### [Problem to solve]
Required from the data below: the exact lines starting at the line containing "Buddhist stupa and" and ending at the line containing "2011 2011/170-41 2388/2011", with both ends kept and all pictures dropped.

### [Input]
%%

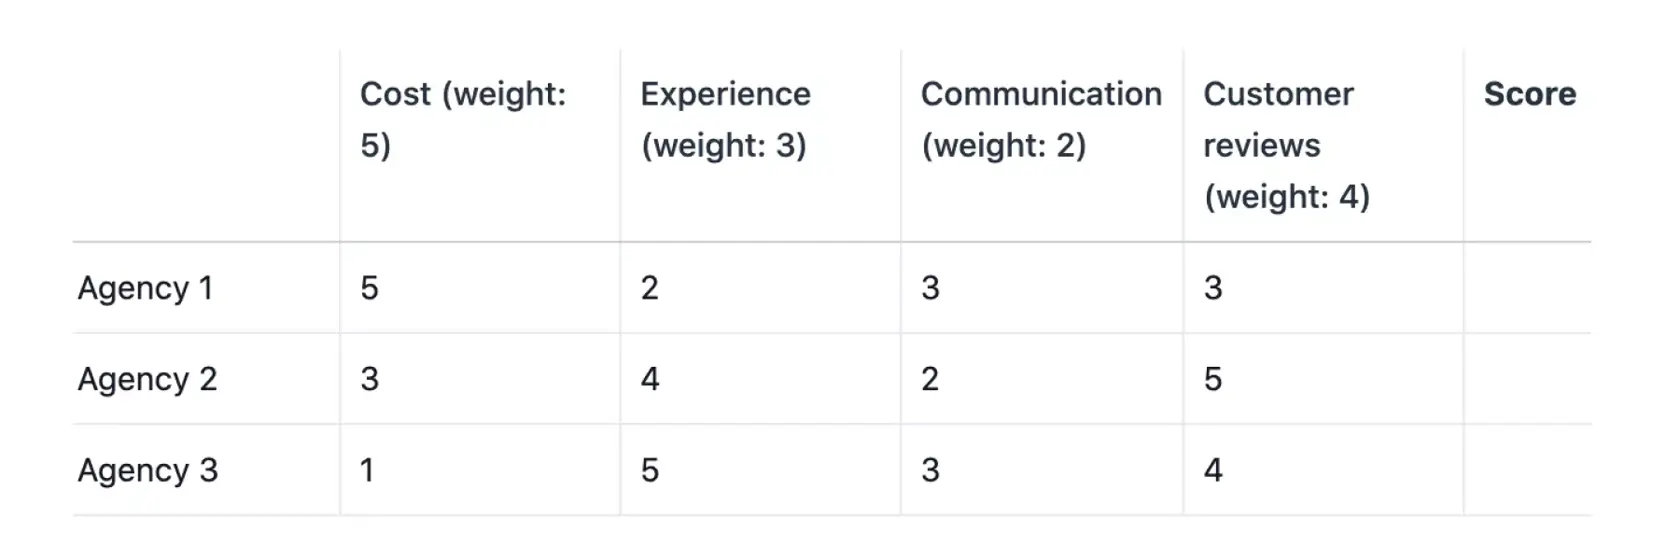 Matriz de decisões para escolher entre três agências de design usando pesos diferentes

%%
%%

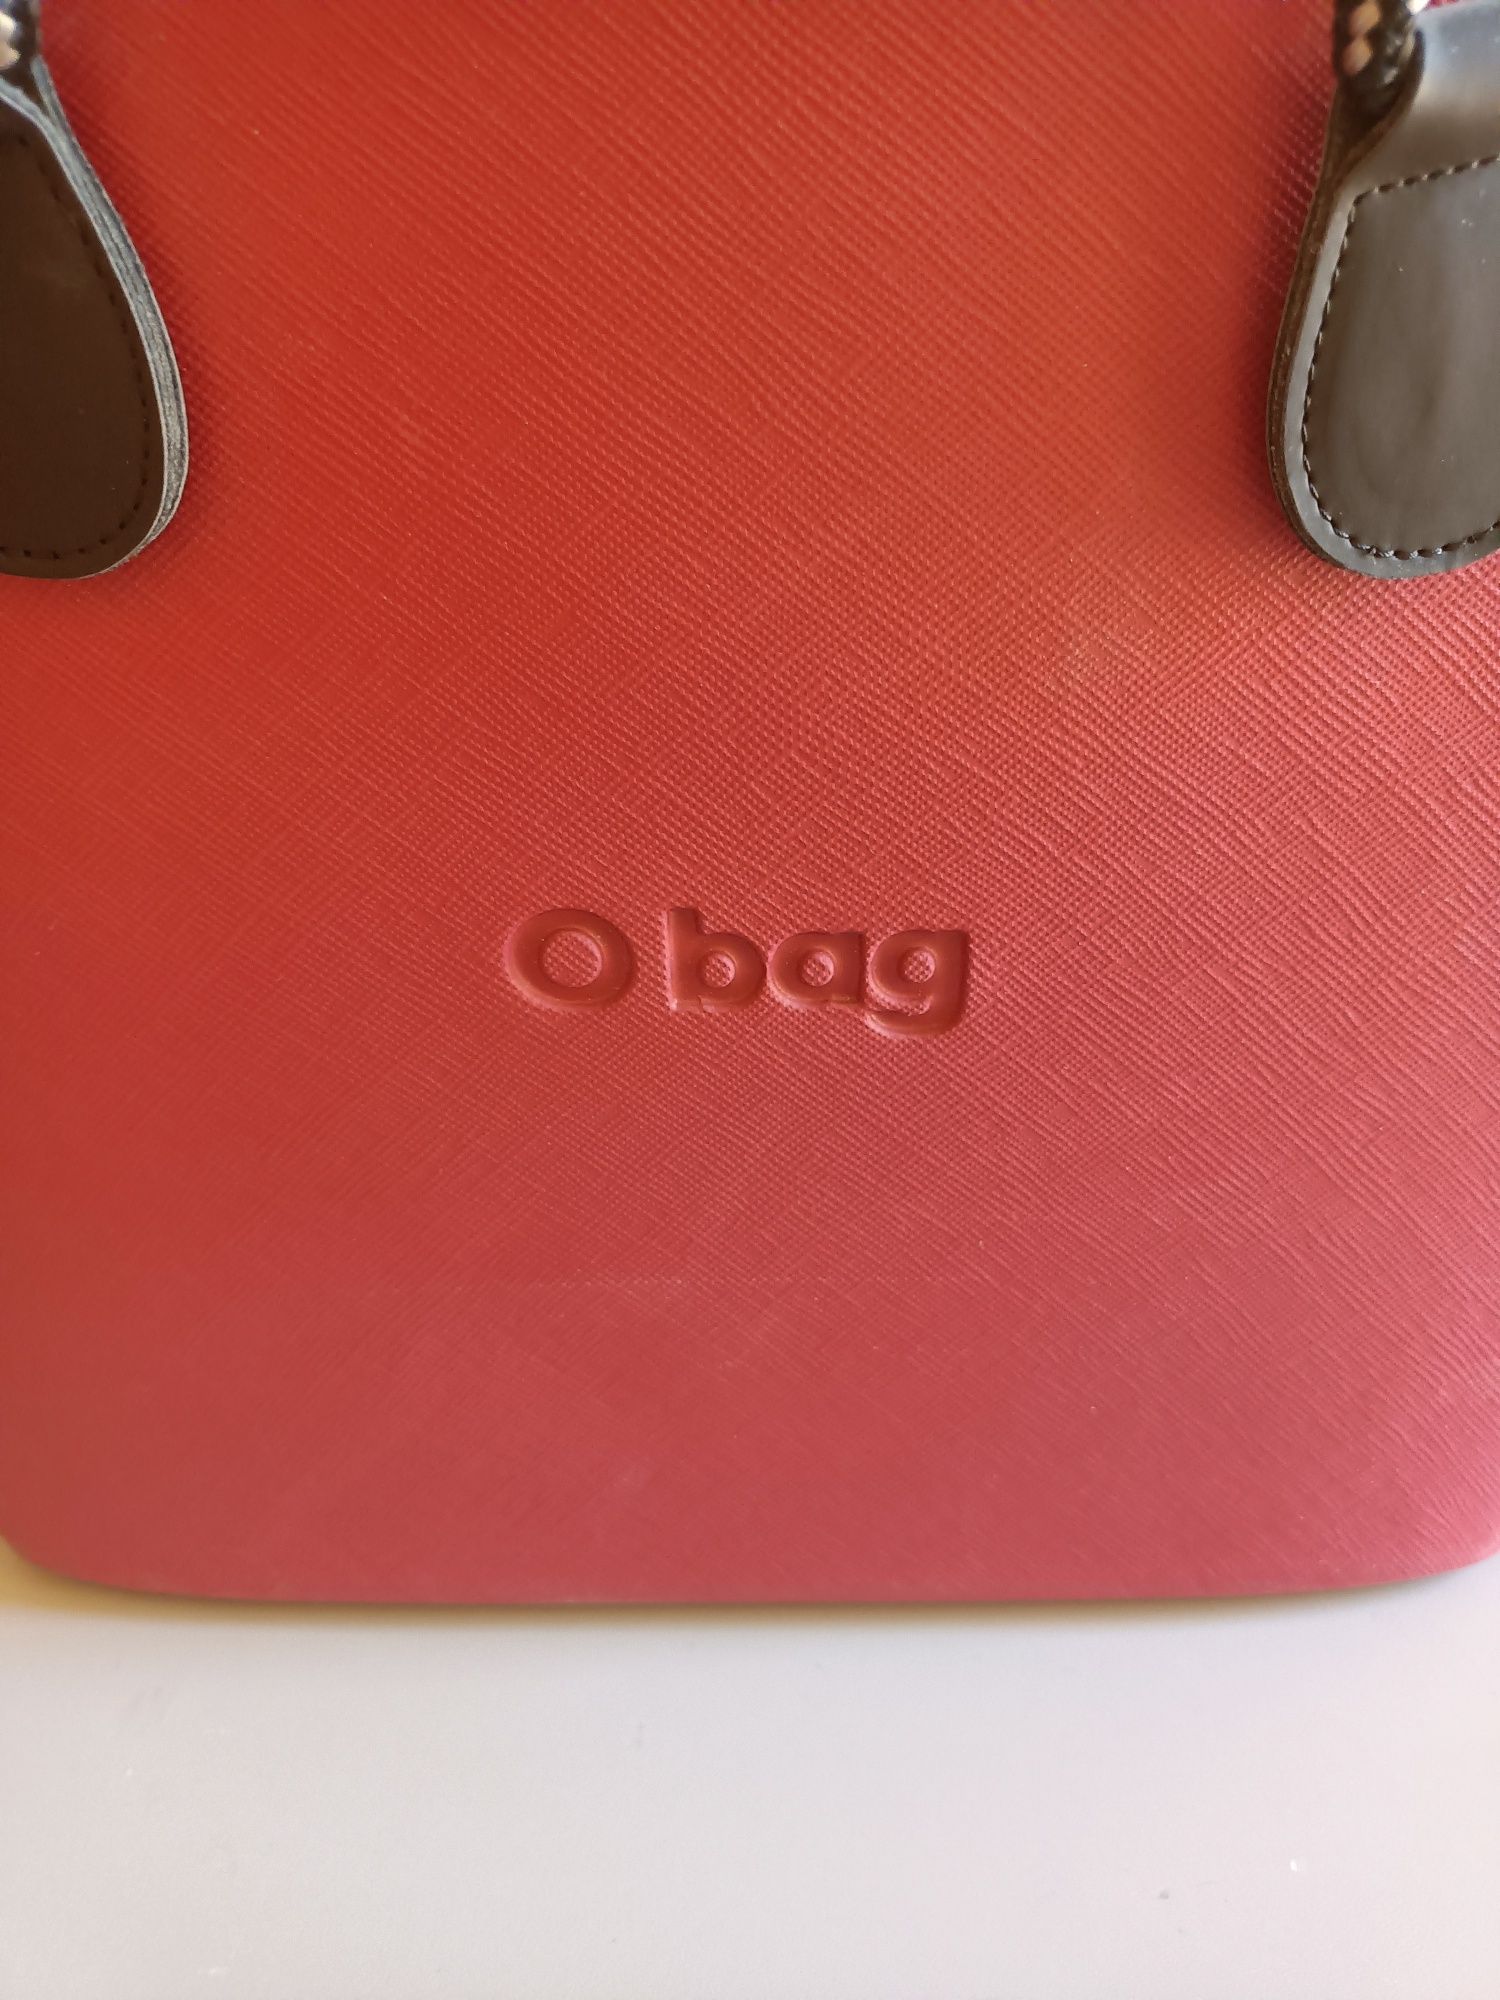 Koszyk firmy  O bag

%%
%%

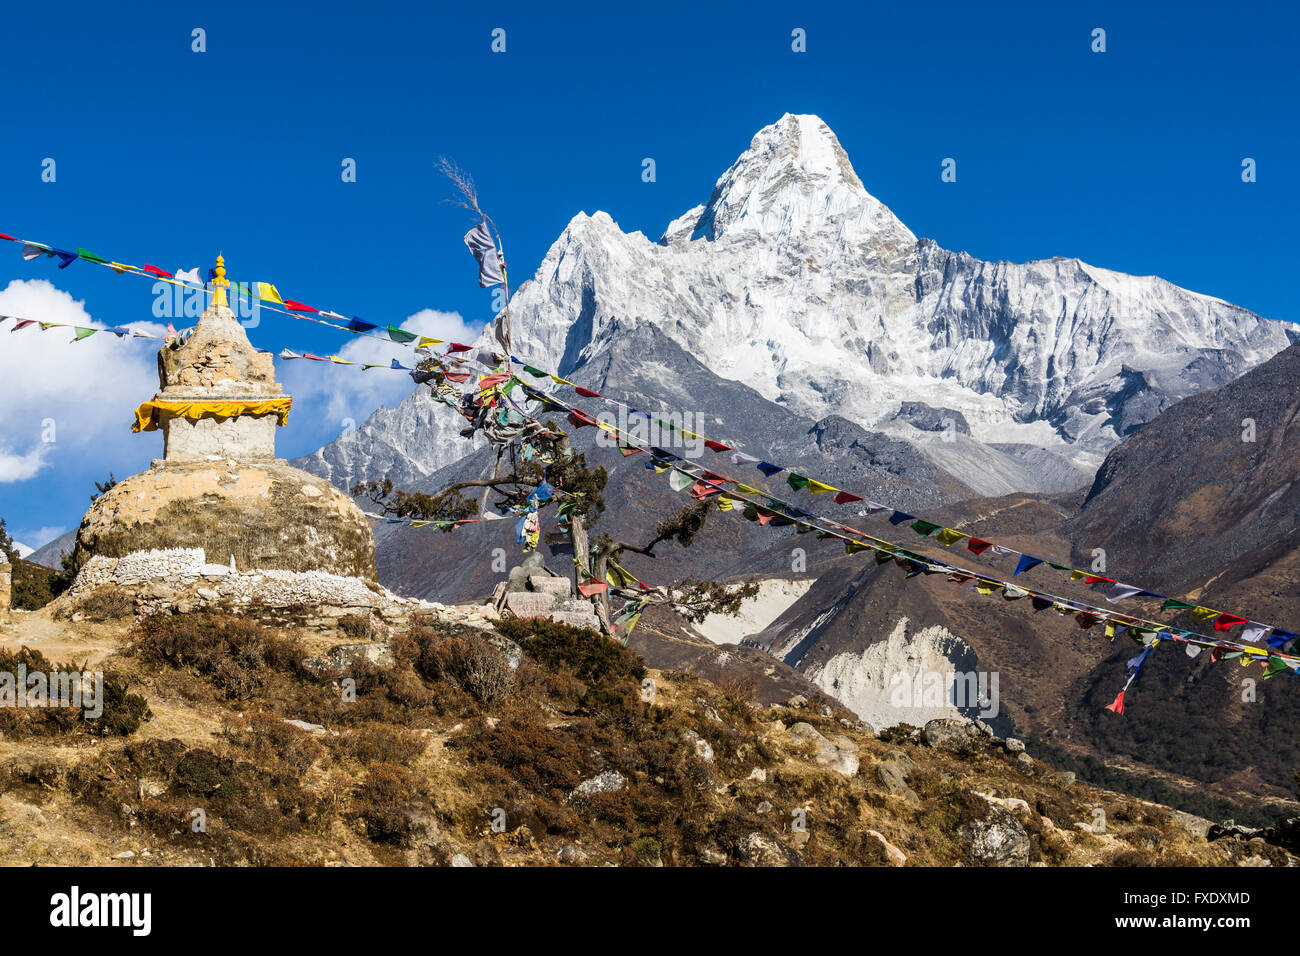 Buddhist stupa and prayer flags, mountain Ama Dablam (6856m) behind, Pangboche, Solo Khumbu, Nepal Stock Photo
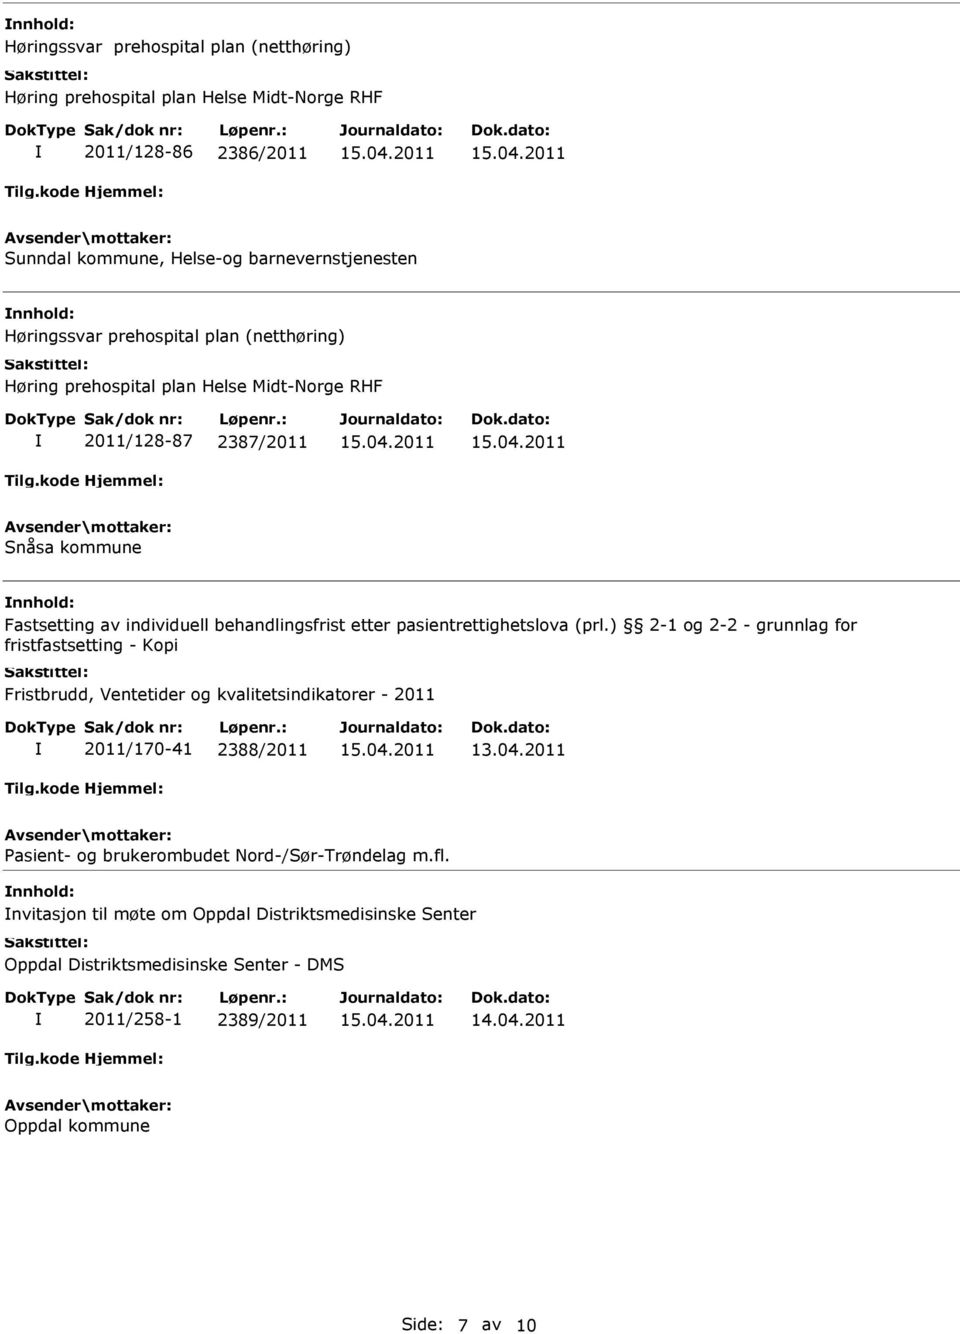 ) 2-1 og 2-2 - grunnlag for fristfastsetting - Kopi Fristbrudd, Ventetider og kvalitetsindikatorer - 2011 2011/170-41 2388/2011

%%

### [Completed exercise]
 Buddhist stupa and prayer flags, mountain Ama Dablam (6856m) behind, Pangboche, Solo Khumbu, Nepal Stock Photo
 ) 2-1 og 2-2 - grunnlag for fristfastsetting - Kopi Fristbrudd, Ventetider og kvalitetsindikatorer - 2011 2011/170-41 2388/2011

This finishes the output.